A girl travels along a straight line, from point A to B at a constant speed, $$V_1$$ meters/sec for T seconds. Next, she travels from point B to C along a straight line, at a constant speed of $$V_2$$ meters/sec for another T seconds.
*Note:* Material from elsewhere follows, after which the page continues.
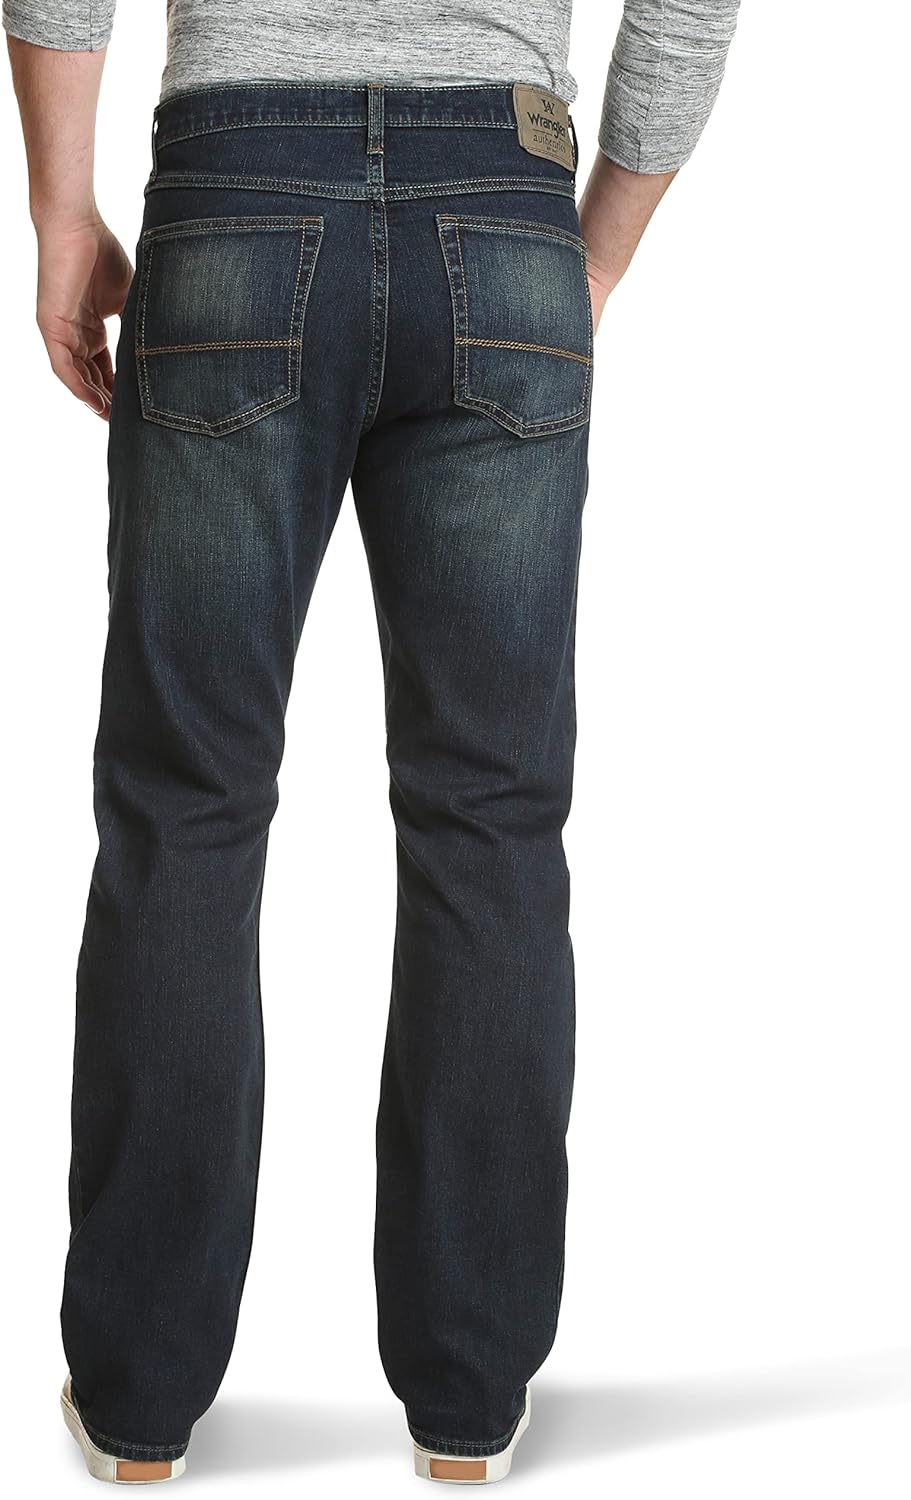 Wrangler Authentics Men’s Relaxed Fit Boot Cut Jean
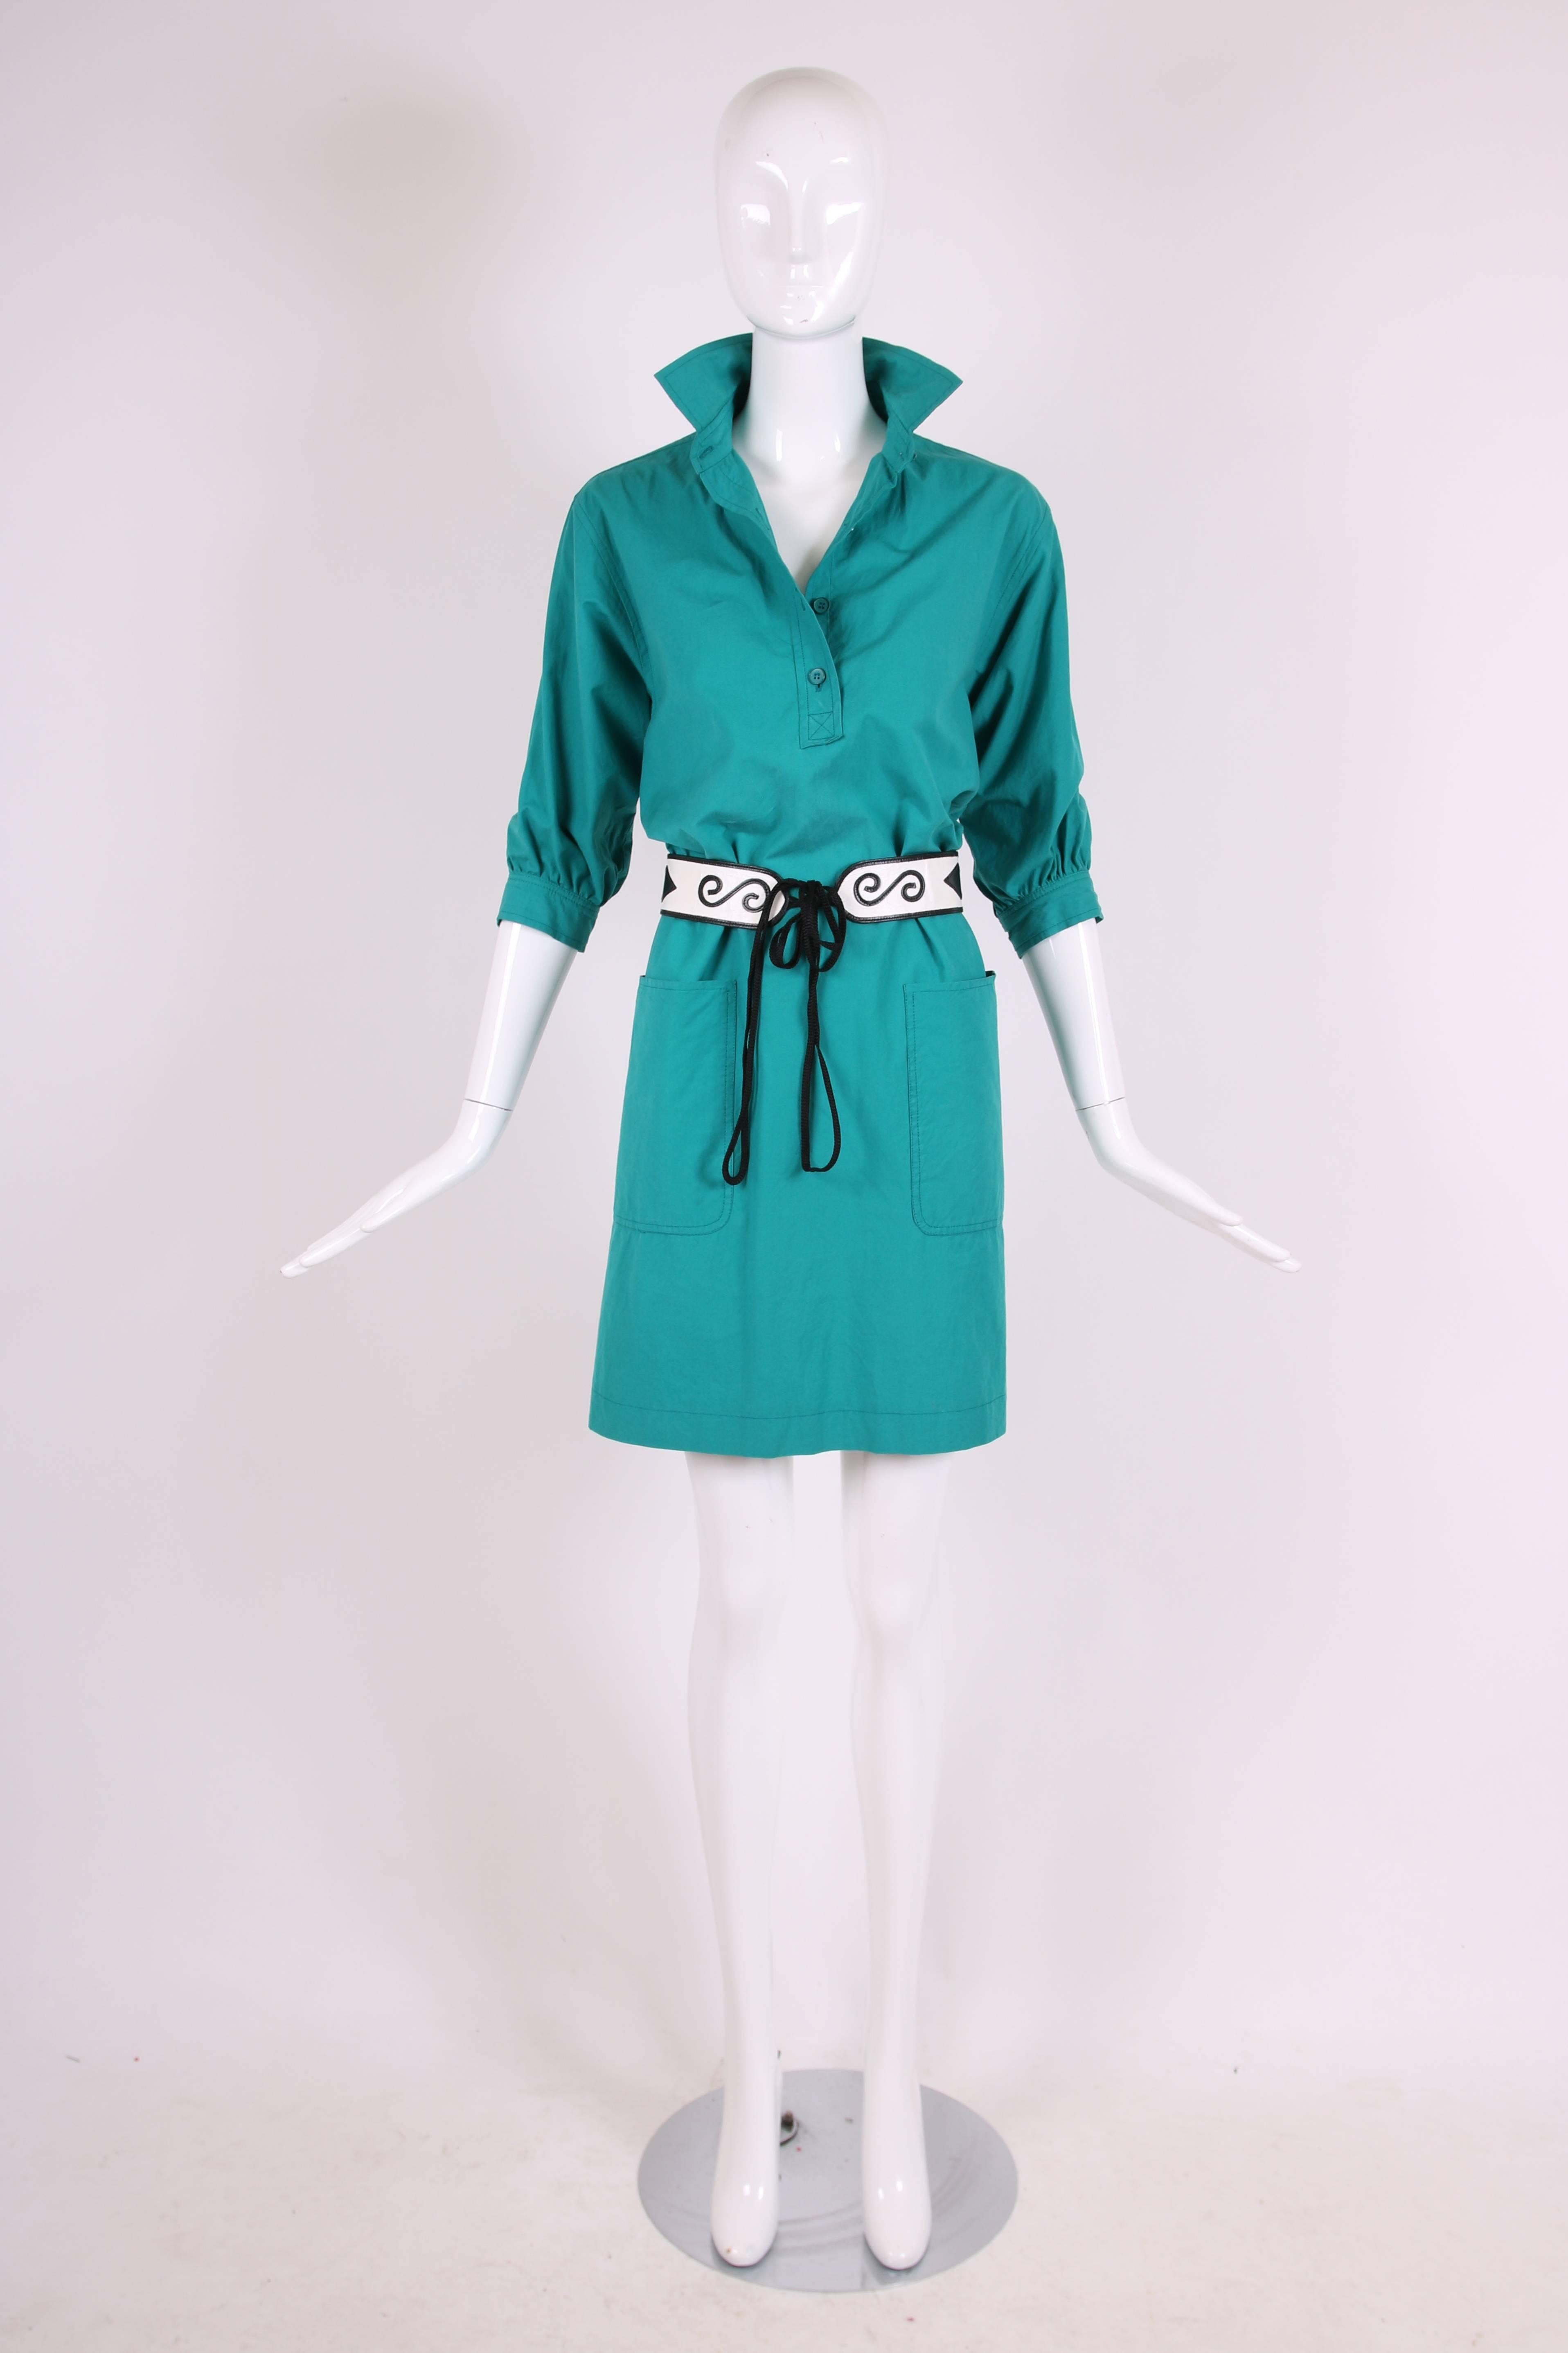 1970's Yves Saint Laurent YSL Teal Green Smock Dress In Excellent Condition For Sale In Studio City, CA

BC makes an angle 105° with AB. If CA makes an angle 30° with BC, how much time will she take to travel back from point C to A at a constant speed of $$V_2$$ meters/sec, if she travels along a straight line from C to A?
We draw BD perpendiculat to AC.
In right angled triangle BDC, BD / BC = sin 30°
or, BD = (V2 * T)/2 ......(i)
In right angled triangle BDA, BD / BA = sin 45°
Or, BD = (V1 * T)/$$\sqrt{2}$$ ......(ii)
From (i) and (ii), we get
V2 / V1 = $$\sqrt{2}$$
Total distance to be travelled from C to A = CD + DA = $$\sqrt{3}$$BD + BD
= BD($$1 + \sqrt{3}$$)
Replacing BD = (V2 * T)/2 in the avove equation,
CA = $$\dfrac{\text{(V2 * T)}}{2} (1 + \sqrt{3}$$)
Time taken at speed V2 = $$0.5(\sqrt{3}+1)$$T
Hence, option C is the correct answer.